AIM OF THE EXERCISE:
Only one stretch of the listing below is wanted: the line with "Brass frame" and all lines after it. Reproduce that stretch exactly.

━━━━━━━━━━

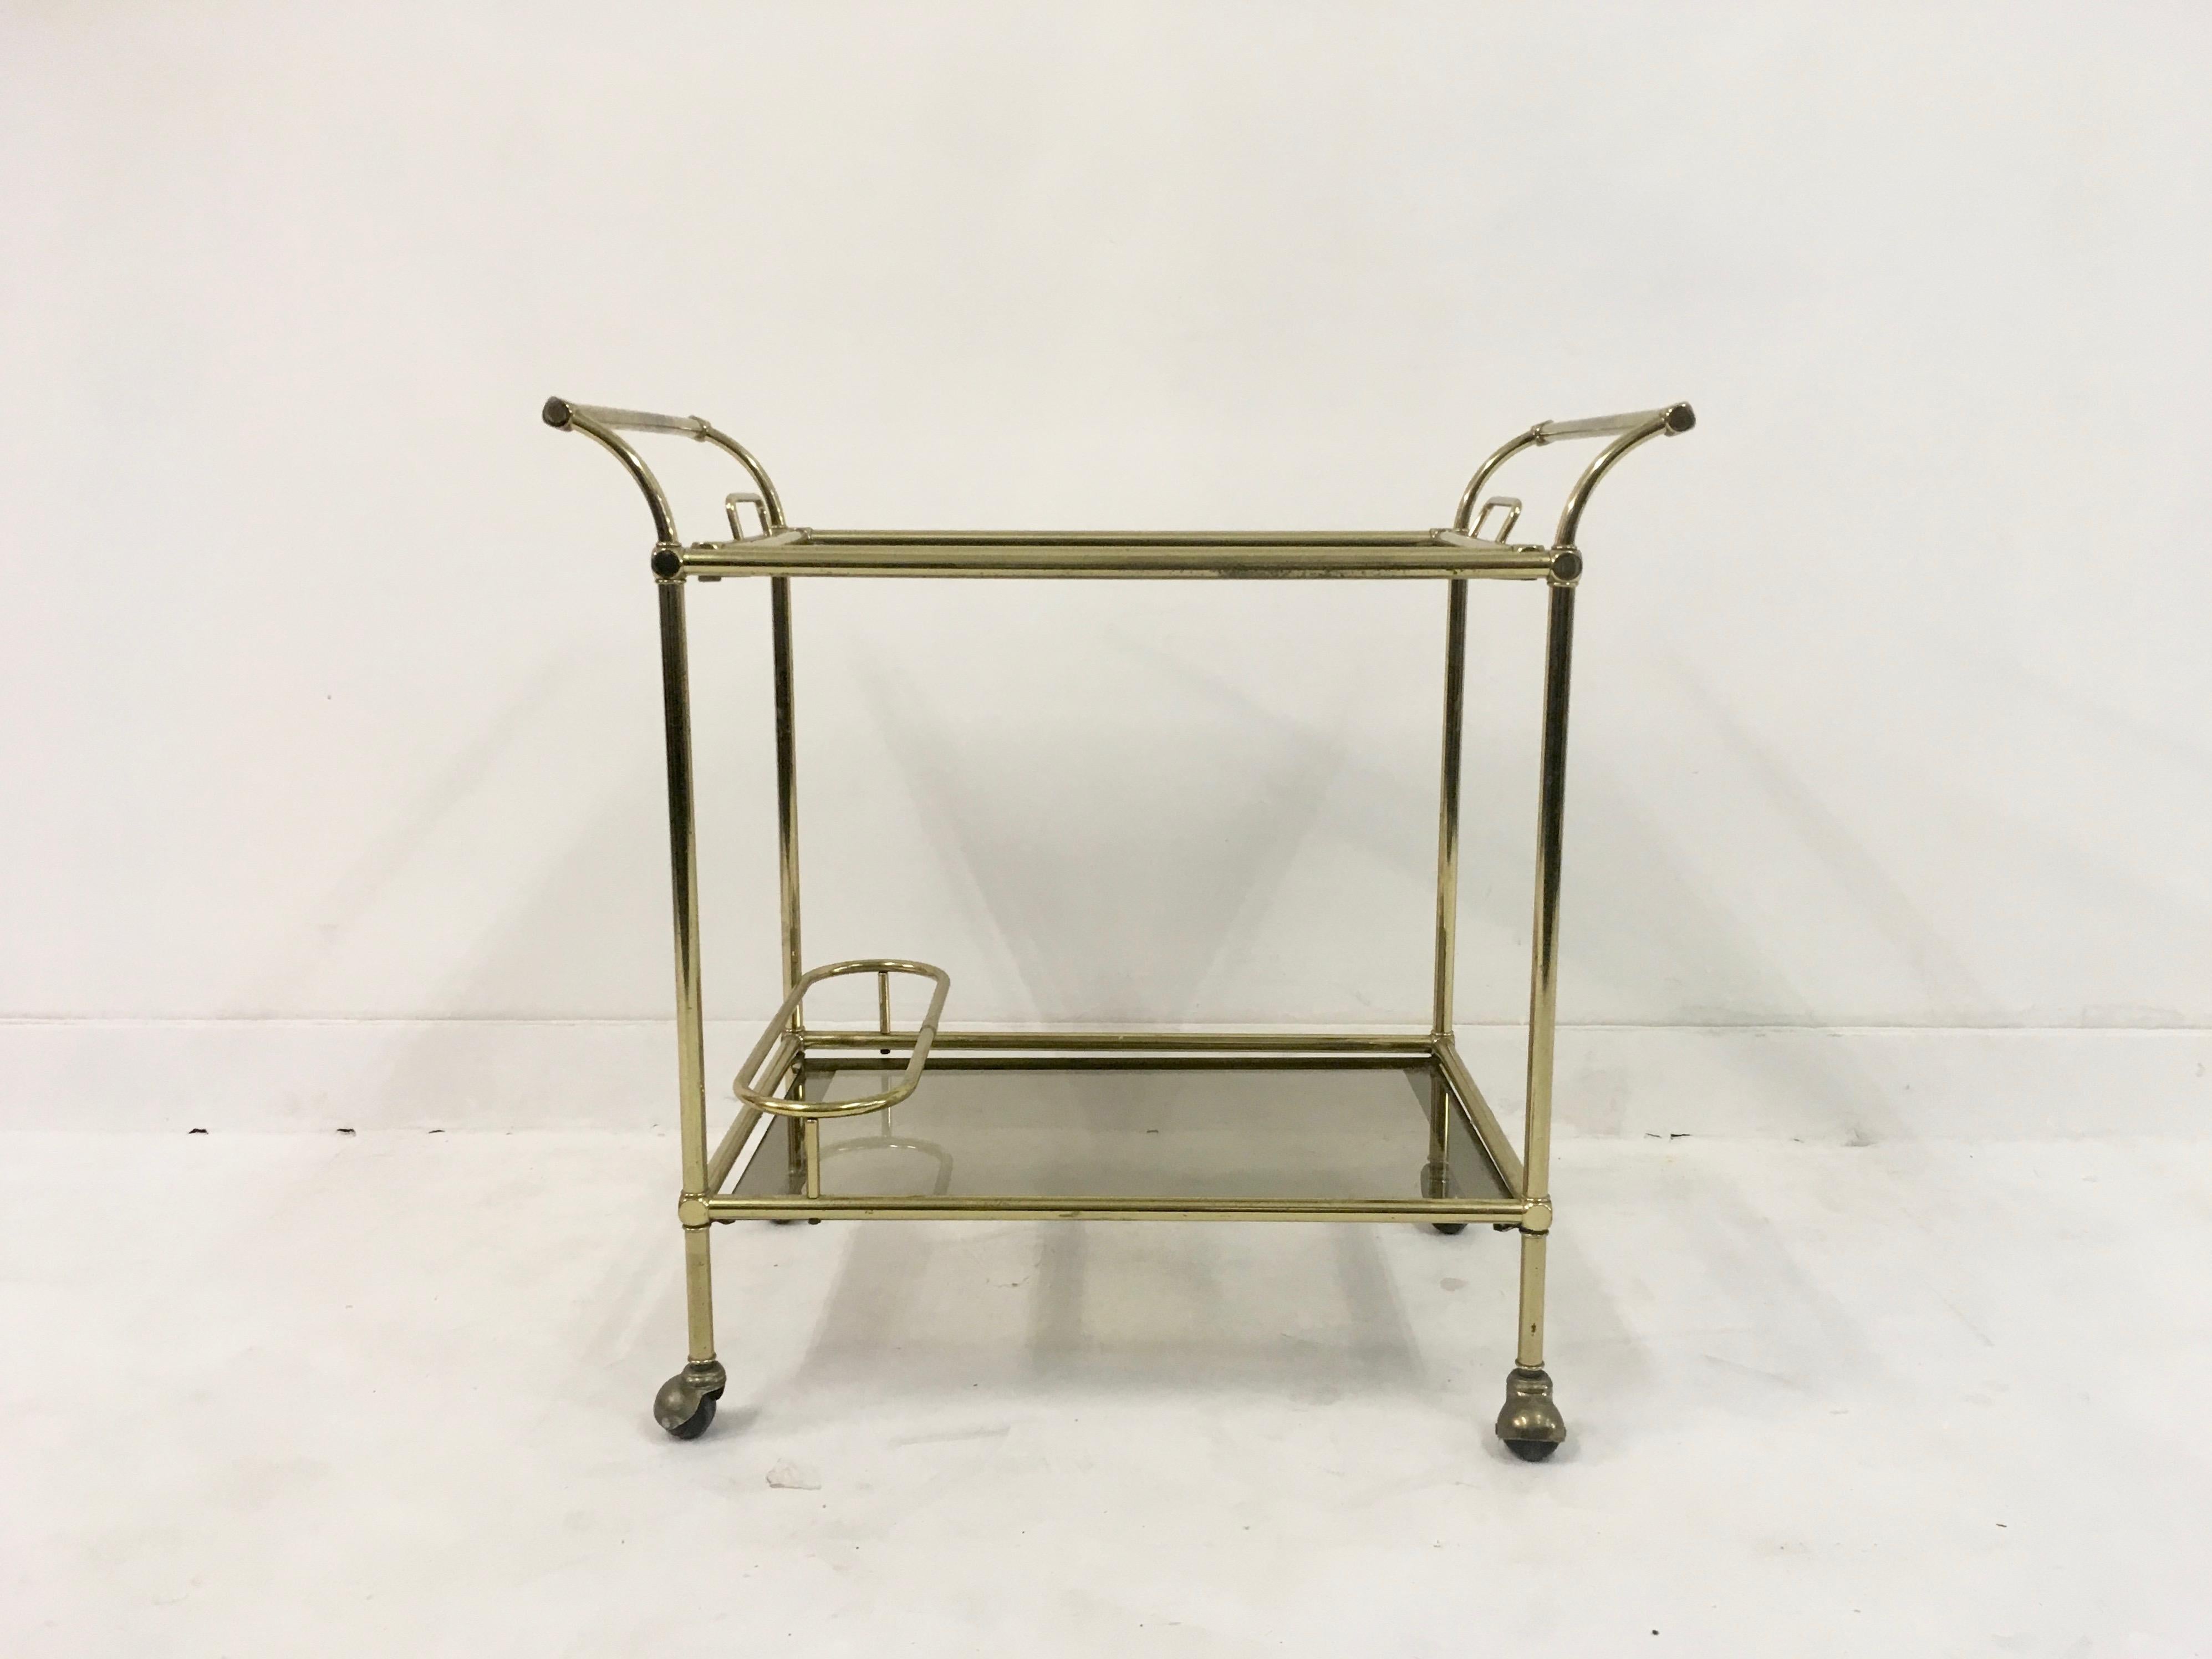 Drinks trolley or bar cart

Brass frame

Removable tray

Silver edged glass

Chip to corner of bottom shelf

Italy, 1970s.

━━━━━━━━━━

RESPONSE AREA:
Brass frame

Removable tray

Silver edged glass

Chip to corner of bottom shelf

Italy, 1970s.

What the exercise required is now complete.